What is the difference between DCCT % and IFCC mmol/mol?

Both measure glycated haemoglobin but use different reference standards. DCCT % (also called NGSP) is the traditional percentage format used in the USA, India, and most of Asia. IFCC mmol/mol is the newer SI-unit format adopted in the UK, Europe, and Australia. The two scales are not interchangeable by simple multiplication — the conversion formula is: mmol/mol = (% − 2.15) × 10.929. Indian laboratories report HbA1c in DCCT % under ADA and RSSDI guidelines.

What HbA1c is considered diabetic in India?

Per ADA 2024 and RSSDI guidelines, an HbA1c of ≥6.5% (48 mmol/mol) on two separate occasions confirms diabetes mellitus. Prediabetes is 5.7–6.4% (39–47 mmol/mol). Below 5.7% is considered normal.

What is the HbA1c treatment target for type 2 diabetes in India?
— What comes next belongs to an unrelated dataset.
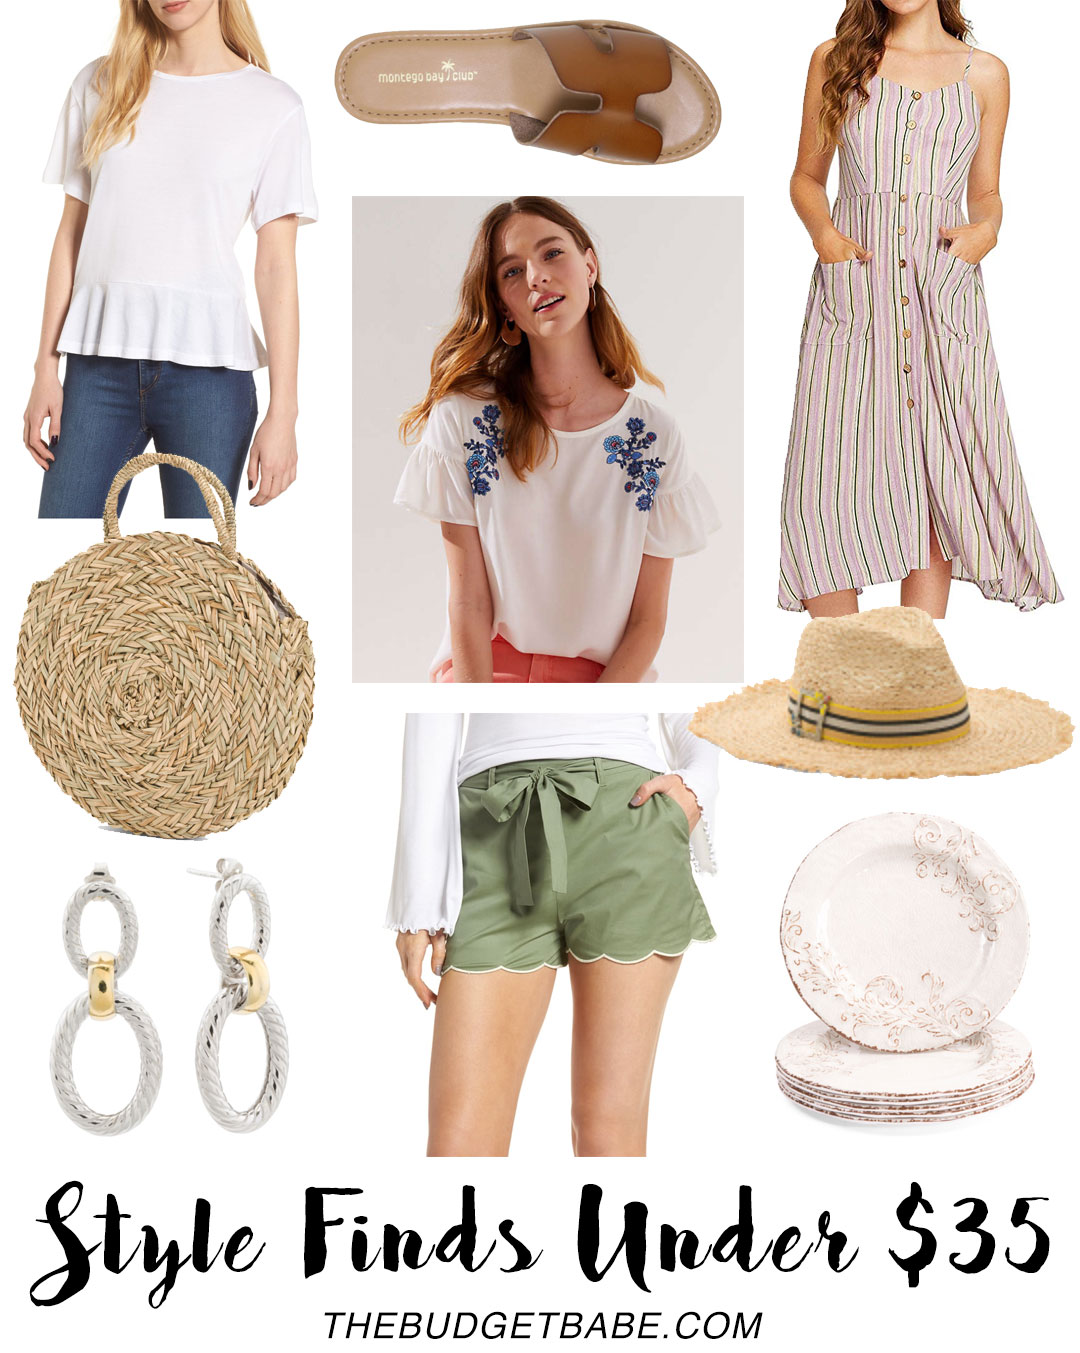 Style finds under $35 on The Budget Babe - need those cute shorts!
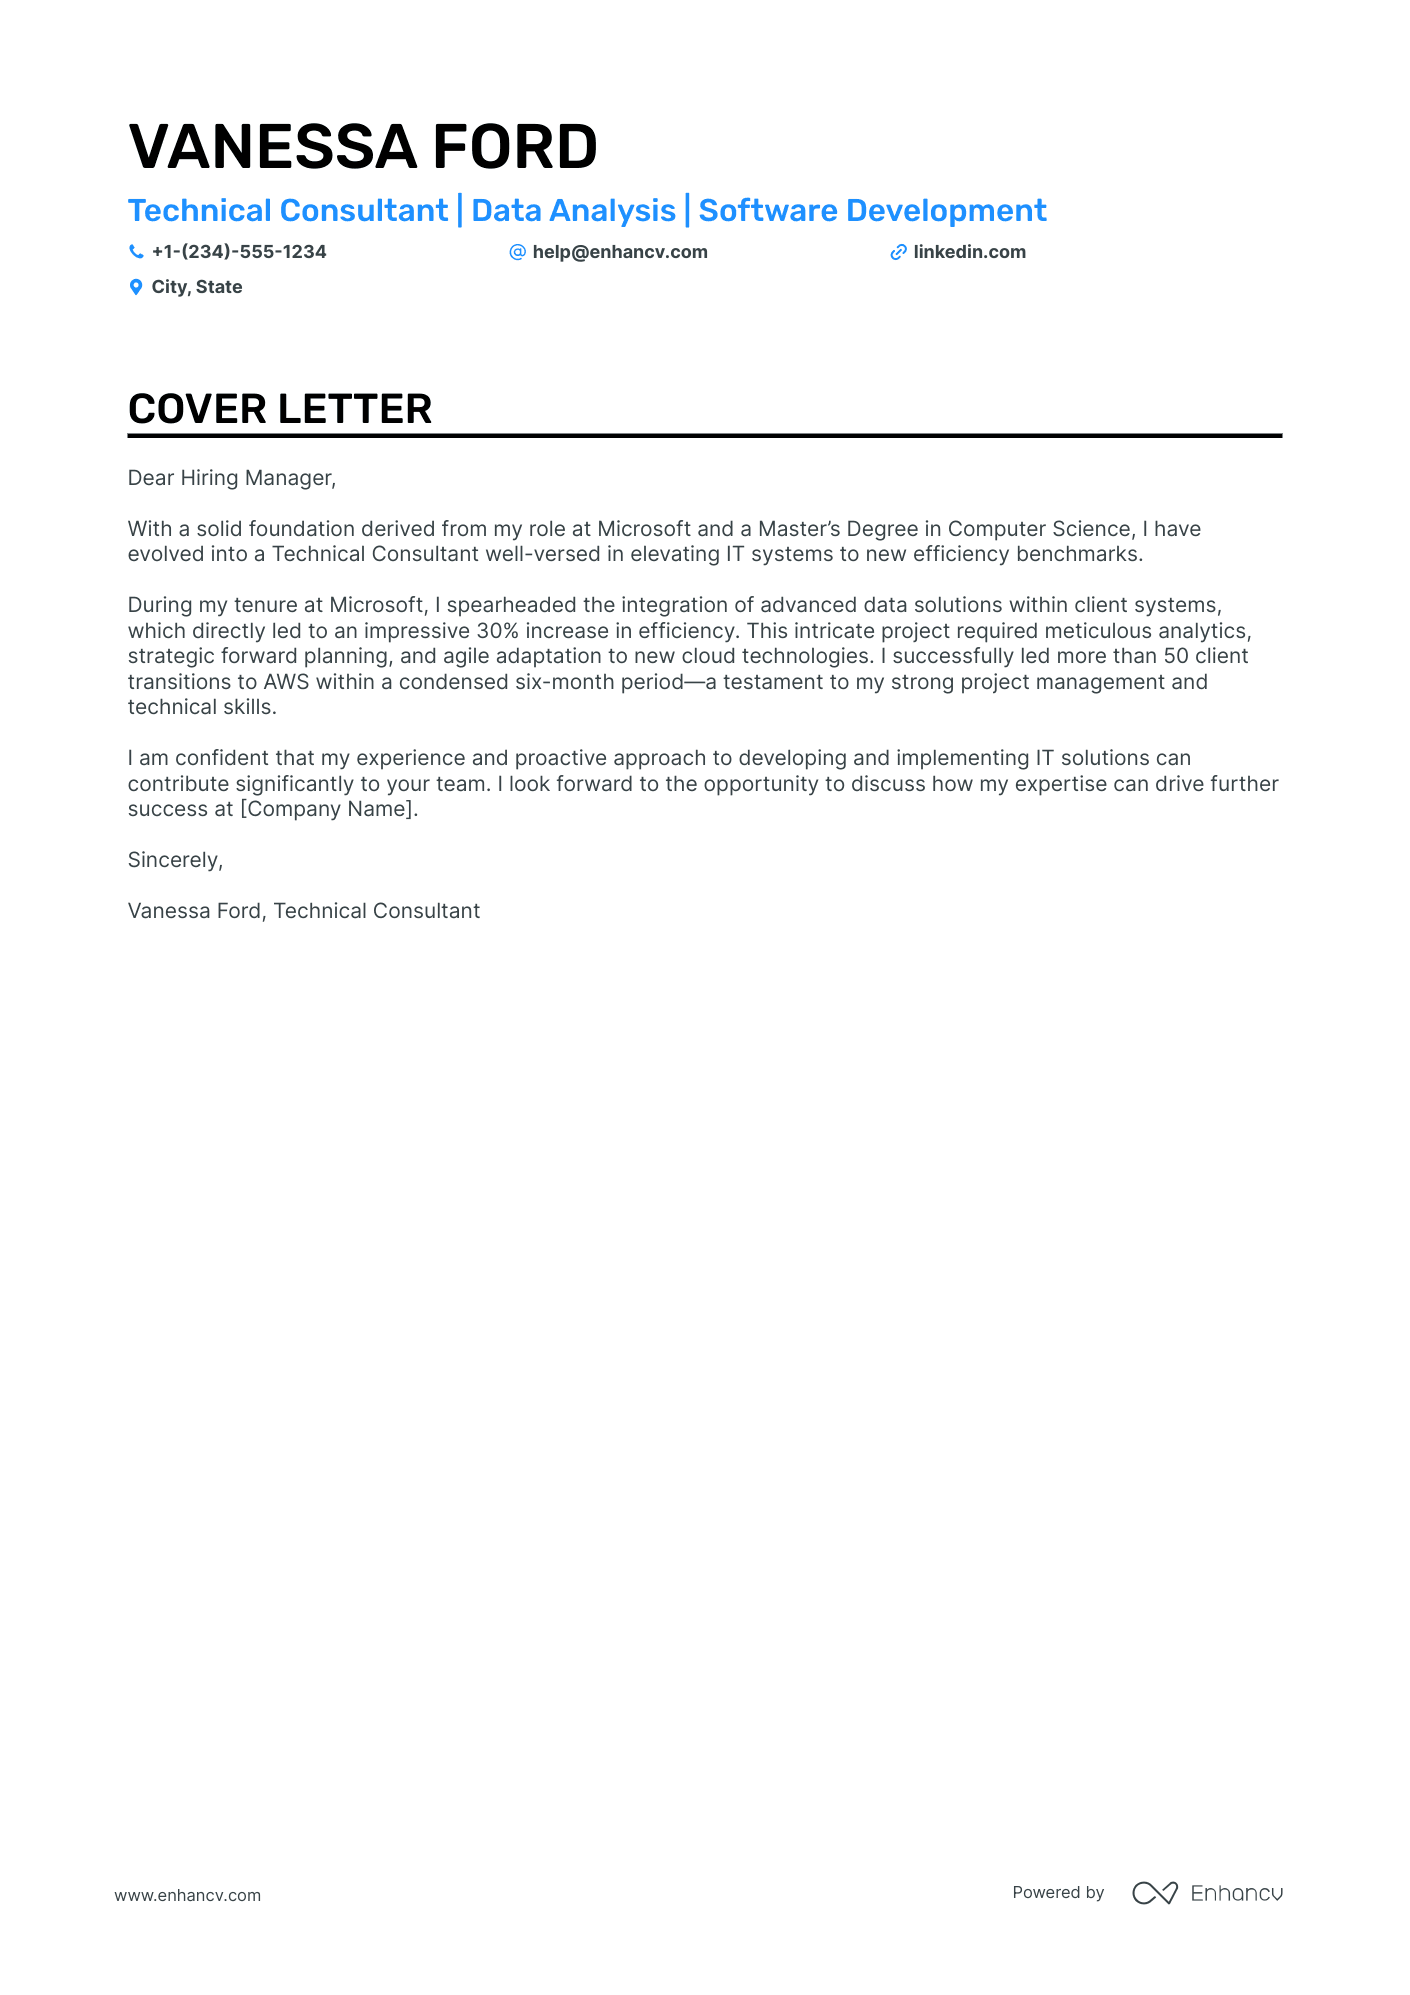 Technical Consultant cover letter

RSSDI and ADA recommend an HbA1c target of <7.0% (53 mmol/mol) for most adults with type 2 diabetes. Targets should be individualised: <6.5% for younger patients with short disease duration, no hypoglycaemia risk, and no cardiovascular disease; <8.0% for elderly patients, those with significant comorbidities, hypoglycaemia unawareness, or limited life expectancy.

When is HbA1c unreliable and what should be used instead?

HbA1c is unreliable in haemolytic anaemia, sickle cell disease (HbS), HbC disease, malaria, and recent blood transfusion (falsely low). It is falsely high in iron deficiency anaemia, vitamin B12 deficiency, and splenectomy. In CKD, both effects occur depending on severity. In these situations, fructosamine (reflects 2–3 week average) or glycated albumin is preferred. During pregnancy, use fasting and post-prandial glucose or CGMS instead.

Medical disclaimer: This calculator is for educational and clinical decision-support purposes only. It does not replace clinical judgment or specialist consultation. RxMedCalc is not liable for clinical decisions made solely on this tool.